BEGIN INFORMATION SHOWN

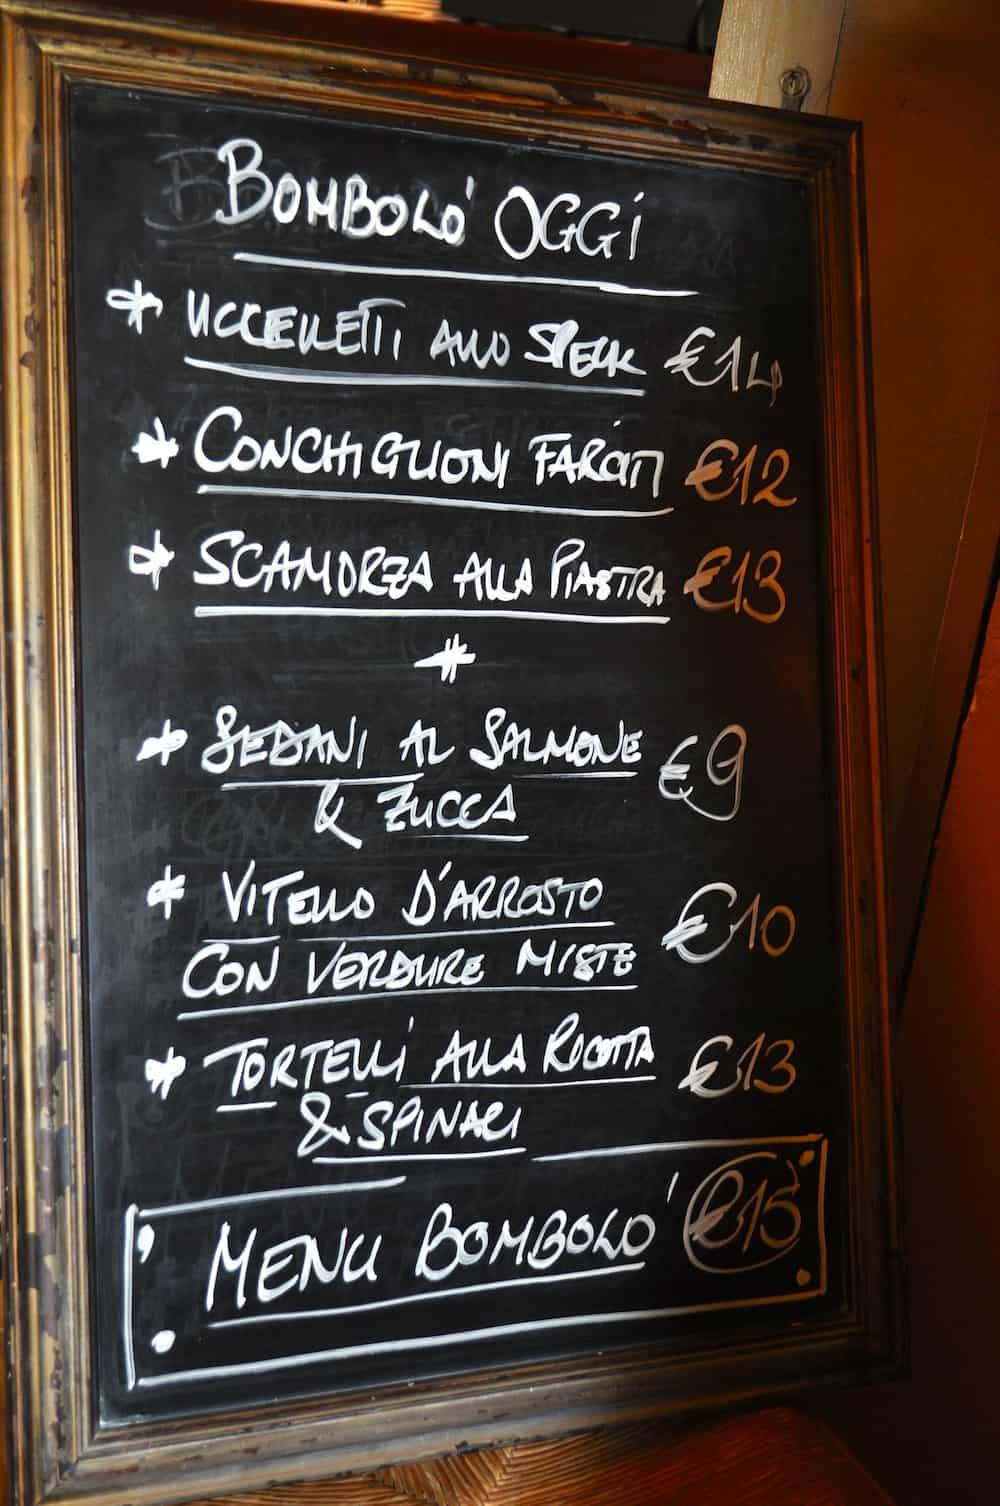 bombolo-restaurant
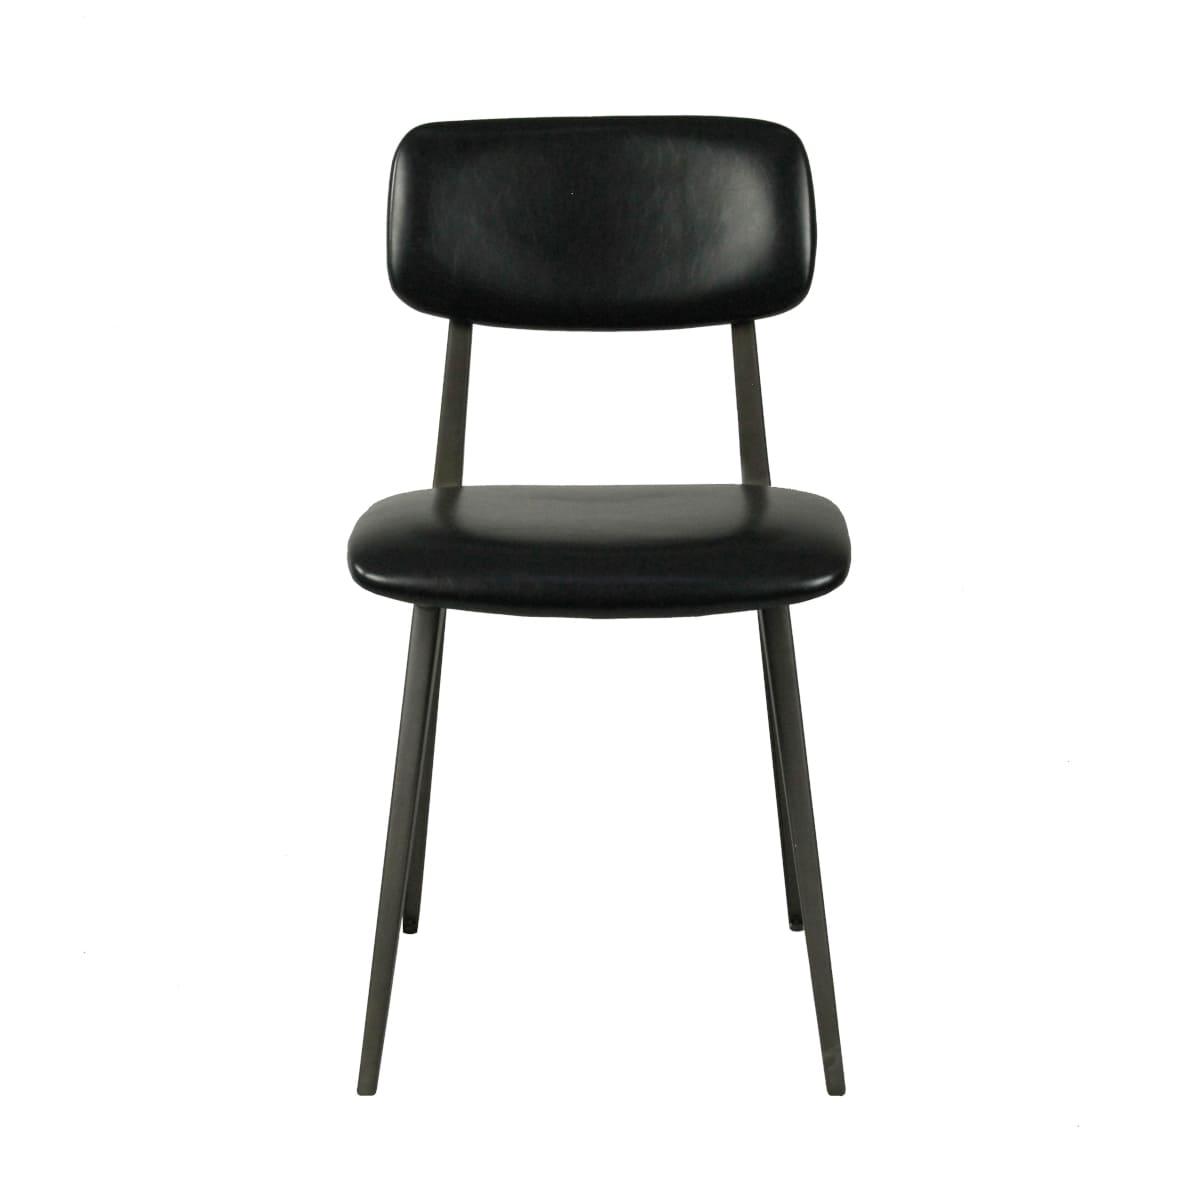 Design Stuhl 50er Jahre Design schwarz
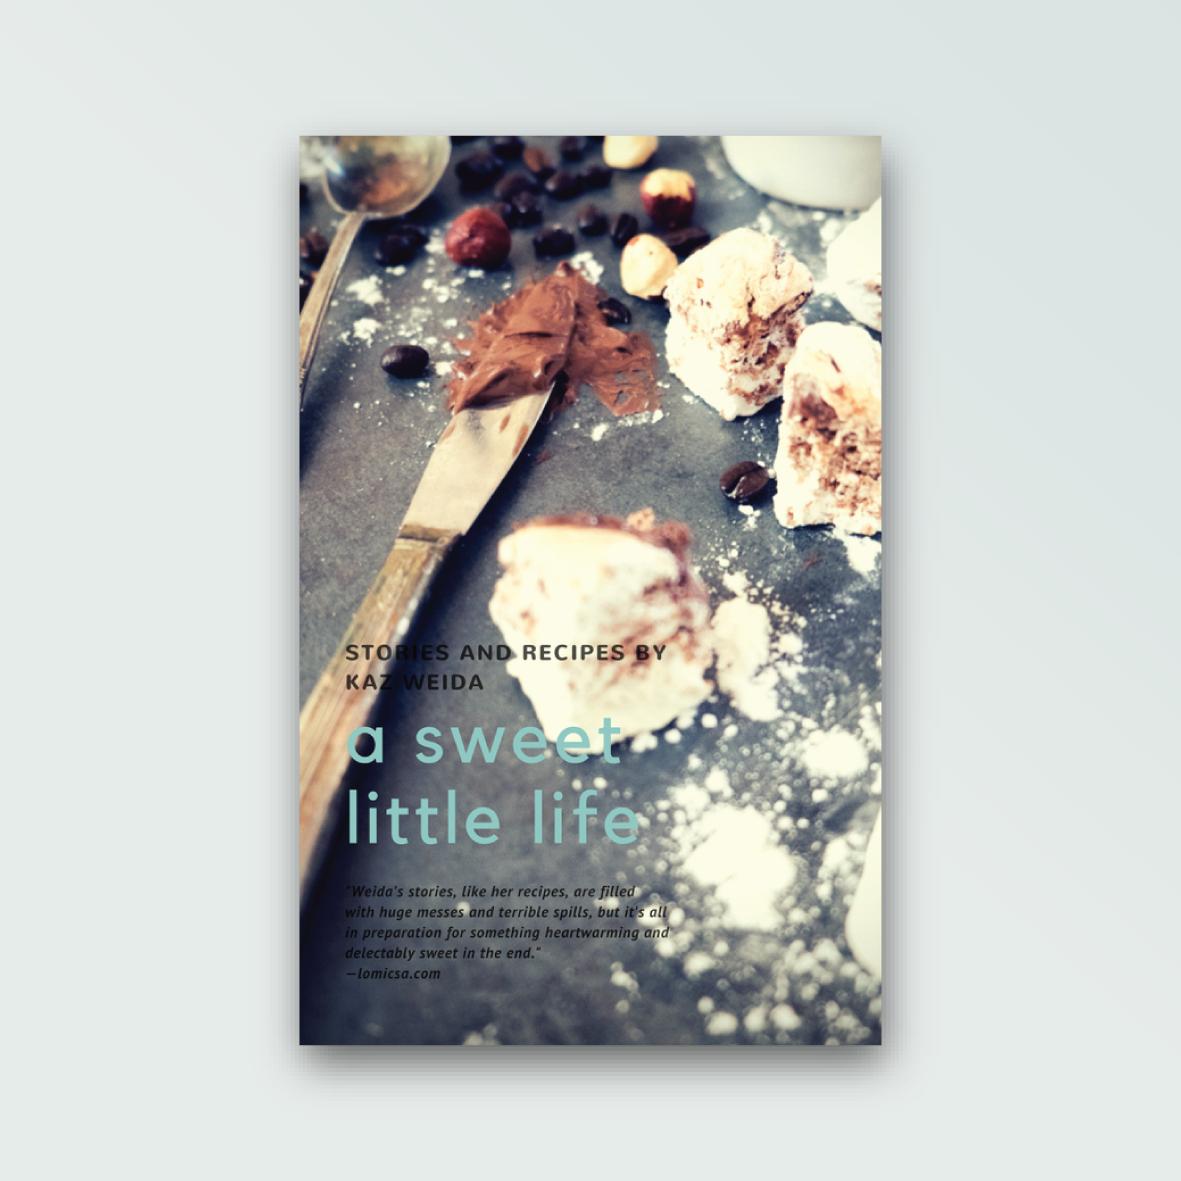 A-Sweet-Little-Life-Book-Kaz-Weida.png

END INFORMATION SHOWN

EXERCISE DIRECTIONS >> Every line above should be copied exactly; do not carry over the pictures.

ANSWER TO THIS PROBLEM >>
 bombolo-restaurant
 Design Stuhl 50er Jahre Design schwarz
 A-Sweet-Little-Life-Book-Kaz-Weida.png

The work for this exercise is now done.